Saturday, February 25, 2012

Reading Response- Girl, Inturrupted [SPOILER ALERT]


I recently finished the memoir Girl, Inturrupted by Susanna Kaysen and enjoyed it thoroughly while I was away. I'm going to try and elaborate on this single question throughout, though- Why is it called "Girl,Inturrupted"?

In the end of this book, Susanna Kaysen tells a story to the reader a couple of years after she gets out of the hospital about her and her boyfriend (at the time) going to the Alexander Frick Museum:

     "When we got there I recognized it. 'Oh,' I said. 'There's a painting I love here.'
     'Only one?' he said. 'Look at these Fragonards.'
     I didn't like them. I left the Fragonards behind and walked into the hall leading to the courtyard.
     She had changed a lot in sixteen years. She was no longer urgent. In fact, she was sad. She was young and distracted, and her teacher was bearing down on her, trying to get her to pay attention. But she was looking out, looking for someone who would see her.
     This time I read the title of the painting: Girl, Inturrupted at Her Music.
     Inturrupted at her music: as my life had been inturrupted in the music of being seventeen, as her life had been, snatched and fixed on canvas: one moment made to stand still and to stand for all the other moments, whatever they would be or might have been. What life can recover from that?
     I had something to tell her now. 'I see you,' I said.
     My boyfriend found me crying in the hallway.
     'What's the matter with you?' he asked.
     'Don't you see, she's trying to get out,' I said, pointing at her.
     He looked at the painting, he looked at me, and he said, 'All you ever think about is yourself. You don't understand anything about art.' He went off to look at a Rembrandt.

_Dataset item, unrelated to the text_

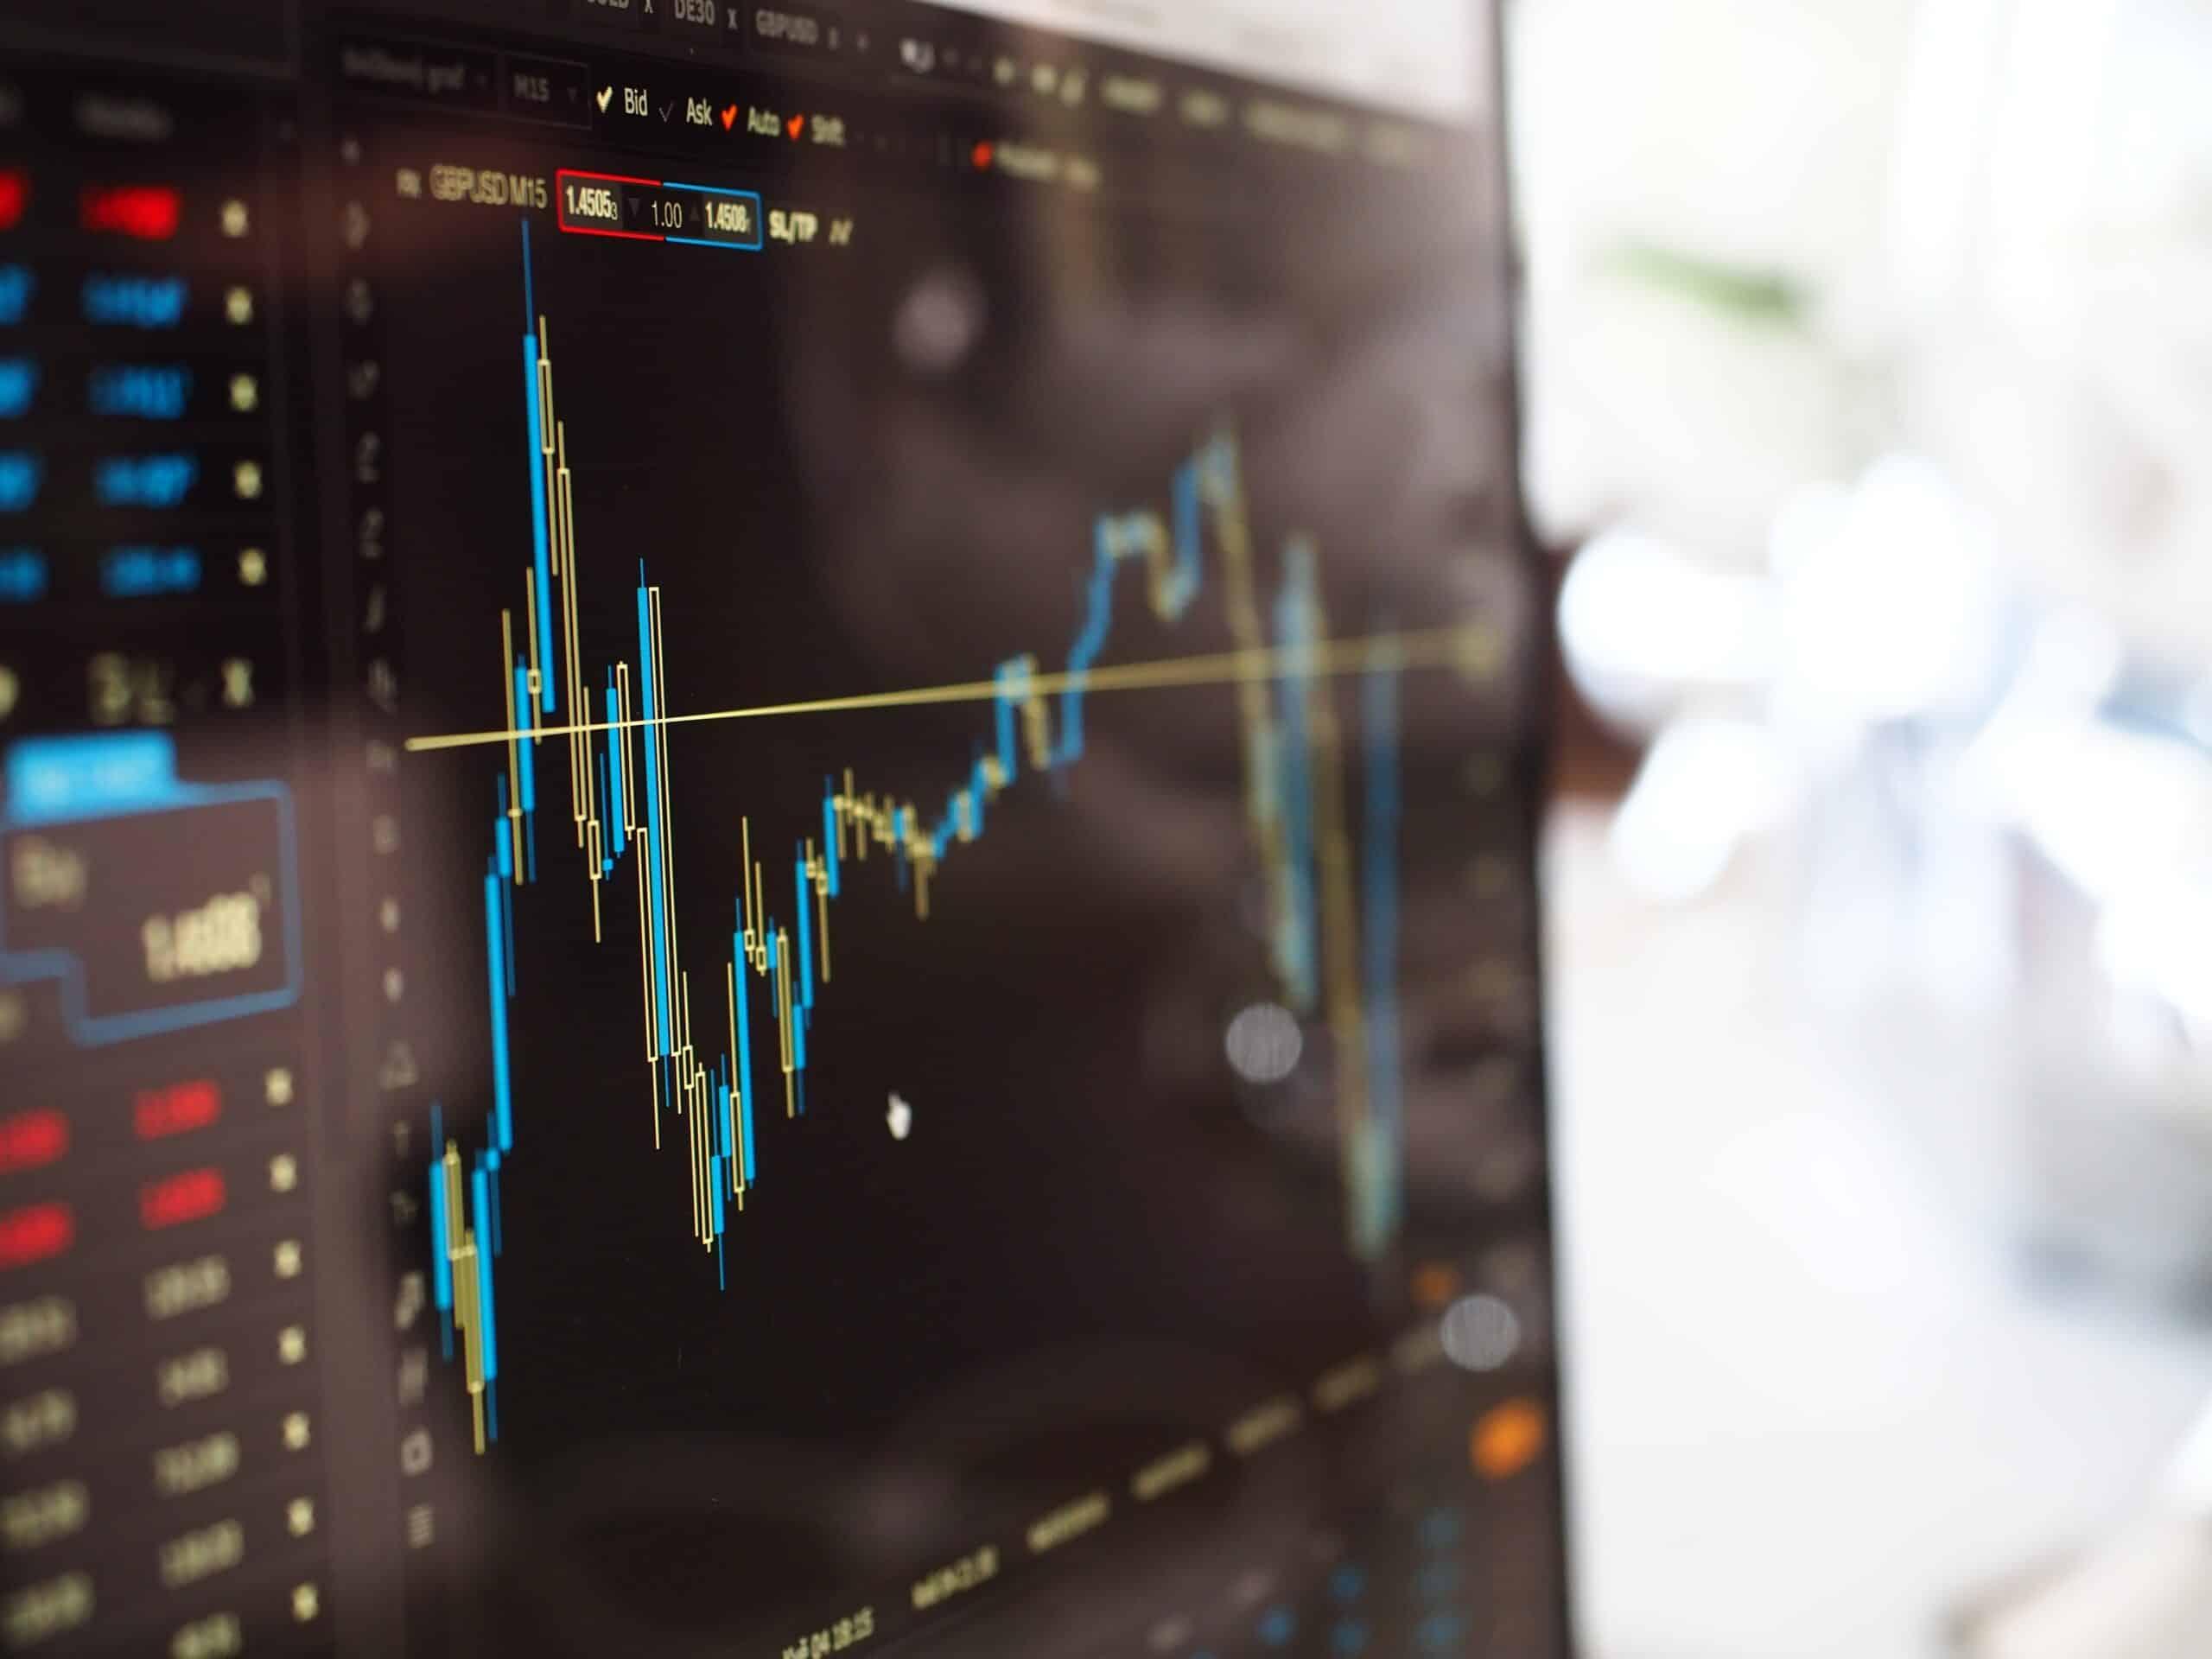 value investing Value investing: o que é e como funciona esta estratégia?

This final part in the book really moved me, and I finally understood why the book's title was what it was. Susanna related to the girl in that painting. She related to her so much that they had some kind of a special connection, and she had such strong emotions towards their connection she cried over it. The little girl in the painting didn't get put in a hospital for having a personality disorder, she got inturrupted at something not so important, like practicing an instrument. But it doesn't matter- Susanna felt that girl's pain, because she knew how it felt to be inturrupted while doing something you love.

Susanna Kaysen was put into a Mental Hospital for two years for a Borderline Personality Disorder. Something that can't really be cured by pep-talks for the day and pills with funny names that make you drowsy, something that Kaysen knew all along. Yet she suffered in that home. She suffered because not only was she stuck there for two years of her life, but because she was stuck there for two years and she didn't even really need to be. Yeah, she had some issues like not talking that much or throwing a tantrum once in a while [not that other people don't], but it's not like you can just go to the doctor and have that fixed. Those things are things that are going to stick with you for life. Kaysen needed priveleges like going outside of her room, or going outside the ward. She needed to be escorted around the hospital if she needed to go to the bathroom or go to the cafeteria to eat. She was banned from the basic things in life like having a boyfriend, or seeing family.

Susanna Kaysen was a girl, inturrupted at doing...life. She was a perfectly happy seventeen-year-old, satisfied with who she was and who she thought she wanted to become. She had a boyfriend, a good family, and a life. The hospital took that all away, in the blink of an eye. It's crazy how you can just go from waking up at noon every Saturday in your own home in your own bed, to swallowing Thorazine- or another crazy pill- every night at nine o'clock because that's the mandatory time for bed everyday.